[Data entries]
· · · · · · ·
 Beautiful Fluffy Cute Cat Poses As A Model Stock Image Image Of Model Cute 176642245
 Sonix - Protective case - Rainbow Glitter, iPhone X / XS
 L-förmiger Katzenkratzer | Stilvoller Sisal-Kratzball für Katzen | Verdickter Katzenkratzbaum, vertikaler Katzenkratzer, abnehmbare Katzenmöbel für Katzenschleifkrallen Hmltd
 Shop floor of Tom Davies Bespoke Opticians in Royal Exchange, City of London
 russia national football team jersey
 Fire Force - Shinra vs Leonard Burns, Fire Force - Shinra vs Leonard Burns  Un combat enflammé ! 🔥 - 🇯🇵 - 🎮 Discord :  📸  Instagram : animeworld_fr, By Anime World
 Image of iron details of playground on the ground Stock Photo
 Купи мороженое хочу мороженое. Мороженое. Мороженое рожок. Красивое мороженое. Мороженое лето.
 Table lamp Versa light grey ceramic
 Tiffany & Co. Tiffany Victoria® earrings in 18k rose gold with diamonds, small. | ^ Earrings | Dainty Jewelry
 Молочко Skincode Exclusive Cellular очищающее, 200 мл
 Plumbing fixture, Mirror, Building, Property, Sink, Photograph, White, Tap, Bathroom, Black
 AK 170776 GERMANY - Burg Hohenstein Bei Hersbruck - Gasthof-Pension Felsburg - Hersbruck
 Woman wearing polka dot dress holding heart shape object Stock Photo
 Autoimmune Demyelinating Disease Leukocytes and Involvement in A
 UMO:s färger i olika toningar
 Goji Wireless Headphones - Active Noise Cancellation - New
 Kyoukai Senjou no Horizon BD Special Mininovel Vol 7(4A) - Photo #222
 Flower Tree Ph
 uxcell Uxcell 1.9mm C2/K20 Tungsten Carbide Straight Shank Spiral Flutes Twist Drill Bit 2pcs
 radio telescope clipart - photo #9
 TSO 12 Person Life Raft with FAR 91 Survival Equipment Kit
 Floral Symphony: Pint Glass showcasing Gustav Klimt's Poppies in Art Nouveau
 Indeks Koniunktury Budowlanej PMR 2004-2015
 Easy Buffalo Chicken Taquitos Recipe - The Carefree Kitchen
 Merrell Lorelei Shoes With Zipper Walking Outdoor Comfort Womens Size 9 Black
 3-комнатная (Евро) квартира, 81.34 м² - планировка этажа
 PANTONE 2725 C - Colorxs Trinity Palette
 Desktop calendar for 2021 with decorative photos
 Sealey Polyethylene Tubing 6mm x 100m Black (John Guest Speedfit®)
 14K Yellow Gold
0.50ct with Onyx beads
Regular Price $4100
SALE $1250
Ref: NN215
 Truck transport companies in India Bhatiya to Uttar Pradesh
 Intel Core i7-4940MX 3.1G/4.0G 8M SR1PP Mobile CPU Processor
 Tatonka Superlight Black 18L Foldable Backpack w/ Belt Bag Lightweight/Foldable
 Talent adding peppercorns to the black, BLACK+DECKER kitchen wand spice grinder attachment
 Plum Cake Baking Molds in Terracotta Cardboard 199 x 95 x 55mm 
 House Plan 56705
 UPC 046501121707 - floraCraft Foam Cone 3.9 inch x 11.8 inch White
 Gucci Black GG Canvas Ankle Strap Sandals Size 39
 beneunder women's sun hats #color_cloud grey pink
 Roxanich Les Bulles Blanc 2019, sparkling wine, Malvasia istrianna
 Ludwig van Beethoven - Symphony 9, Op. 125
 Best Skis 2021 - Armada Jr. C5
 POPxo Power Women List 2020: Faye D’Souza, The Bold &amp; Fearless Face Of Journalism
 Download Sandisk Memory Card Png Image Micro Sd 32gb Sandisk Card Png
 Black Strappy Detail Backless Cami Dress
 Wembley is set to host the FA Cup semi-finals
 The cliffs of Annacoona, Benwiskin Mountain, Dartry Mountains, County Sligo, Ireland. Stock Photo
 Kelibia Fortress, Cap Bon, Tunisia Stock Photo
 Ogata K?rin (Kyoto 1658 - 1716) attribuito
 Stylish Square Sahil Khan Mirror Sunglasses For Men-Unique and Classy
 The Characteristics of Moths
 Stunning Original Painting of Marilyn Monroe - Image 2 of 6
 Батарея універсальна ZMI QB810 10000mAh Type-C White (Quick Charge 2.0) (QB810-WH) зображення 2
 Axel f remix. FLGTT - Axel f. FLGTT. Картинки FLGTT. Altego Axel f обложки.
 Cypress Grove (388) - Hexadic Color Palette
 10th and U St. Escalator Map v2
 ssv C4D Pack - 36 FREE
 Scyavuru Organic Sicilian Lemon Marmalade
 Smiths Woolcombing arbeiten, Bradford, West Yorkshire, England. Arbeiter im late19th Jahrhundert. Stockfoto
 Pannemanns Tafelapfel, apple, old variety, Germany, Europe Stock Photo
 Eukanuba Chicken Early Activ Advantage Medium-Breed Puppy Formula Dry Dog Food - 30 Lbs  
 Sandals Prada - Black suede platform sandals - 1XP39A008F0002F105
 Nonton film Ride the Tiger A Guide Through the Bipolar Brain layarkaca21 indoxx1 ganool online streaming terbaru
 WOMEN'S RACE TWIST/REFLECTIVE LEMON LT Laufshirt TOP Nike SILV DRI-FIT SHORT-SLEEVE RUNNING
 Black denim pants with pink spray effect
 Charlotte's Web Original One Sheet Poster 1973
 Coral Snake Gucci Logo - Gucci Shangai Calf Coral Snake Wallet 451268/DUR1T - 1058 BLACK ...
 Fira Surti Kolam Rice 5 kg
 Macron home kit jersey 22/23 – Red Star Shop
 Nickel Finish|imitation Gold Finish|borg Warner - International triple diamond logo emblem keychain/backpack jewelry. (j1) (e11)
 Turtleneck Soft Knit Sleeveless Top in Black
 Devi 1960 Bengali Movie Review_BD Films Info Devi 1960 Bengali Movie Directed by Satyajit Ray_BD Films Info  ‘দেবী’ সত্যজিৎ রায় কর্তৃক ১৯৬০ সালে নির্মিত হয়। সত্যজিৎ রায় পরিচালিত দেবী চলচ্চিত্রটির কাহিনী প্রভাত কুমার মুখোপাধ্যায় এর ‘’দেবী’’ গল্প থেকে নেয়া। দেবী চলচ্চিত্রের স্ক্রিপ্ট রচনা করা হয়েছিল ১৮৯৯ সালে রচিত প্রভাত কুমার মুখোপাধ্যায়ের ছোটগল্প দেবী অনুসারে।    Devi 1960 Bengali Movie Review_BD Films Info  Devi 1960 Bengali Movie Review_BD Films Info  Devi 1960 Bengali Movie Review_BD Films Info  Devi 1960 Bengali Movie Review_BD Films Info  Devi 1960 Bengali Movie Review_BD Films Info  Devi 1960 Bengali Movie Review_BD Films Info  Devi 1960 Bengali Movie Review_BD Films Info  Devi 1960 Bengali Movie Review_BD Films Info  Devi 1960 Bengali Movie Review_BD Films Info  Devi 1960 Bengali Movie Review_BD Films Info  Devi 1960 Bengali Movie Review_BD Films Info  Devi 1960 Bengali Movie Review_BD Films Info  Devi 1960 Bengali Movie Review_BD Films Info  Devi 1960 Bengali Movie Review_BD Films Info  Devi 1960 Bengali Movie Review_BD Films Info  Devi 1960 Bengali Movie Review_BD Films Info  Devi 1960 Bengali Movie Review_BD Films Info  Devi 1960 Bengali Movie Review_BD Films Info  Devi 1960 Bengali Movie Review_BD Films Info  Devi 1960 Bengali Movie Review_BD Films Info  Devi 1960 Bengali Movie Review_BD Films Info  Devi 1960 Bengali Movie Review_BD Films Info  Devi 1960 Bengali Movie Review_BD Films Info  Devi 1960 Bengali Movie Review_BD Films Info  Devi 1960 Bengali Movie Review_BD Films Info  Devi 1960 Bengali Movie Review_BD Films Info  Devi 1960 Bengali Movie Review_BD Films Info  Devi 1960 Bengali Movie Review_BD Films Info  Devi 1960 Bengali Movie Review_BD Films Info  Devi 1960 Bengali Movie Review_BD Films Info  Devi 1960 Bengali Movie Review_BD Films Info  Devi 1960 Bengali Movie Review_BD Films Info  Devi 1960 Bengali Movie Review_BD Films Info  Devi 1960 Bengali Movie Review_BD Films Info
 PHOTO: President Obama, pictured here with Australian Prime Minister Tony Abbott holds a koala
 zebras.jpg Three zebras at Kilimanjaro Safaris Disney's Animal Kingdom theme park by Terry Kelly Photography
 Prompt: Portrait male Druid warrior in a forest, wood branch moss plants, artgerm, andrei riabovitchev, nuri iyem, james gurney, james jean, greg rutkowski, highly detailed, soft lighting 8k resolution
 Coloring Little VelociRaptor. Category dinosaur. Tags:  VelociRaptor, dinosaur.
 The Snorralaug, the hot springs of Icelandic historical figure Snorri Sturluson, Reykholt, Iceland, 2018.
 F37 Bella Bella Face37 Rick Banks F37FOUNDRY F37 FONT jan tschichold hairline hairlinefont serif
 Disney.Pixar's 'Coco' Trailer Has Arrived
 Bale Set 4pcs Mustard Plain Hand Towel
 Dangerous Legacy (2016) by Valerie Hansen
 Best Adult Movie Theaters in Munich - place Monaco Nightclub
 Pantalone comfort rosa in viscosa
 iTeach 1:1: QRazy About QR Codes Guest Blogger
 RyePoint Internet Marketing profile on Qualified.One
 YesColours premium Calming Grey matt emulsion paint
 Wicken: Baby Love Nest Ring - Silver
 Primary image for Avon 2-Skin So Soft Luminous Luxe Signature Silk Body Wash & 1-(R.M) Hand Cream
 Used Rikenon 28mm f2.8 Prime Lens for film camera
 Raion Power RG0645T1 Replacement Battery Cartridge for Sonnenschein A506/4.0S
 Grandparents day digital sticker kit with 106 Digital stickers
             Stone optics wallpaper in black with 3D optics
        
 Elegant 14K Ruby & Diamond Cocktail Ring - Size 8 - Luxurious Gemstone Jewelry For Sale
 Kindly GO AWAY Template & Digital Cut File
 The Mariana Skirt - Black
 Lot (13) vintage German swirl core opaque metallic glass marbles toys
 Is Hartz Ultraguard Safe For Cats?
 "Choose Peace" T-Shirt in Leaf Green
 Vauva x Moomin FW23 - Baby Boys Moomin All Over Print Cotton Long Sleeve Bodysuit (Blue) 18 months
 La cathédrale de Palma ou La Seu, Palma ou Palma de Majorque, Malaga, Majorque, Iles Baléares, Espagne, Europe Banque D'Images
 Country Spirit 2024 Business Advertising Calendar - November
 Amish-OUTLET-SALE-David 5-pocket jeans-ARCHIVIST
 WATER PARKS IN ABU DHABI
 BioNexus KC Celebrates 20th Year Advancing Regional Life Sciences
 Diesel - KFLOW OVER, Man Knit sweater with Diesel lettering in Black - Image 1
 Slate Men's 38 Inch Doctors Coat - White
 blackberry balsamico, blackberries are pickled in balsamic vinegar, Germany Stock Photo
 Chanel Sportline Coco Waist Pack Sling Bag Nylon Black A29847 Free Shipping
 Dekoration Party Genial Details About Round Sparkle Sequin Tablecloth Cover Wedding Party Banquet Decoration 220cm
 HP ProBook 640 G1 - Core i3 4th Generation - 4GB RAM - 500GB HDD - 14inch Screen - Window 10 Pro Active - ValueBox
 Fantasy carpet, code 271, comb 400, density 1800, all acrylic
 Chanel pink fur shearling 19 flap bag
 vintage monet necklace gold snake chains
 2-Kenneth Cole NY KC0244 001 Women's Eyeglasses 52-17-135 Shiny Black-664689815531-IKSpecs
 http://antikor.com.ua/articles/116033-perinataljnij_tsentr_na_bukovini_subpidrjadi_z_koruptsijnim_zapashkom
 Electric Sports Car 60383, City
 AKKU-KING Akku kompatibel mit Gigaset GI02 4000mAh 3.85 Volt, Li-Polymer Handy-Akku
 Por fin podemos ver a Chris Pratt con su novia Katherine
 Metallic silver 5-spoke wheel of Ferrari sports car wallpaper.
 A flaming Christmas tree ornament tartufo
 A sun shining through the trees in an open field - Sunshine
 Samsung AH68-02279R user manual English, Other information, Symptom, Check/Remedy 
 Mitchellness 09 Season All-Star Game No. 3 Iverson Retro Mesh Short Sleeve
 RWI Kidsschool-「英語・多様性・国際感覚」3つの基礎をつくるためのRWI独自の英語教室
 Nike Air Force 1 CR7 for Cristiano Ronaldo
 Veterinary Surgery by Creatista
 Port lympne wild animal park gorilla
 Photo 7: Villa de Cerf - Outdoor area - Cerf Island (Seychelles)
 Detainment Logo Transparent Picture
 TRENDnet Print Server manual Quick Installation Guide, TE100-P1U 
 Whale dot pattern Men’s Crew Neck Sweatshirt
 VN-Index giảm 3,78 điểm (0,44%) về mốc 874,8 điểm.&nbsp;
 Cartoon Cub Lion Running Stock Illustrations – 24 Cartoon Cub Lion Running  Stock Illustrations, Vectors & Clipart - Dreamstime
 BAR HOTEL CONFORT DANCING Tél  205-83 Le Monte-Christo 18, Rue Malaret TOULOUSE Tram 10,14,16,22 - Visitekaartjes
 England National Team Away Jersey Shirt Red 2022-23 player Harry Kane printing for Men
· · · · · · ·
Task brief: Find the line with "Country Spirit 2024" in the entries above. Retype it and each line after it, exactly, through the line with "Electric Sports Car 60383, City", and stop there.

Solution below:
 Country Spirit 2024 Business Advertising Calendar - November
 Amish-OUTLET-SALE-David 5-pocket jeans-ARCHIVIST
 WATER PARKS IN ABU DHABI
 BioNexus KC Celebrates 20th Year Advancing Regional Life Sciences
 Diesel - KFLOW OVER, Man Knit sweater with Diesel lettering in Black - Image 1
 Slate Men's 38 Inch Doctors Coat - White
 blackberry balsamico, blackberries are pickled in balsamic vinegar, Germany Stock Photo
 Chanel Sportline Coco Waist Pack Sling Bag Nylon Black A29847 Free Shipping
 Dekoration Party Genial Details About Round Sparkle Sequin Tablecloth Cover Wedding Party Banquet Decoration 220cm
 HP ProBook 640 G1 - Core i3 4th Generation - 4GB RAM - 500GB HDD - 14inch Screen - Window 10 Pro Active - ValueBox
 Fantasy carpet, code 271, comb 400, density 1800, all acrylic
 Chanel pink fur shearling 19 flap bag
 vintage monet necklace gold snake chains
 2-Kenneth Cole NY KC0244 001 Women's Eyeglasses 52-17-135 Shiny Black-664689815531-IKSpecs
 http://antikor.com.ua/articles/116033-perinataljnij_tsentr_na_bukovini_subpidrjadi_z_koruptsijnim_zapashkom
 Electric Sports Car 60383, City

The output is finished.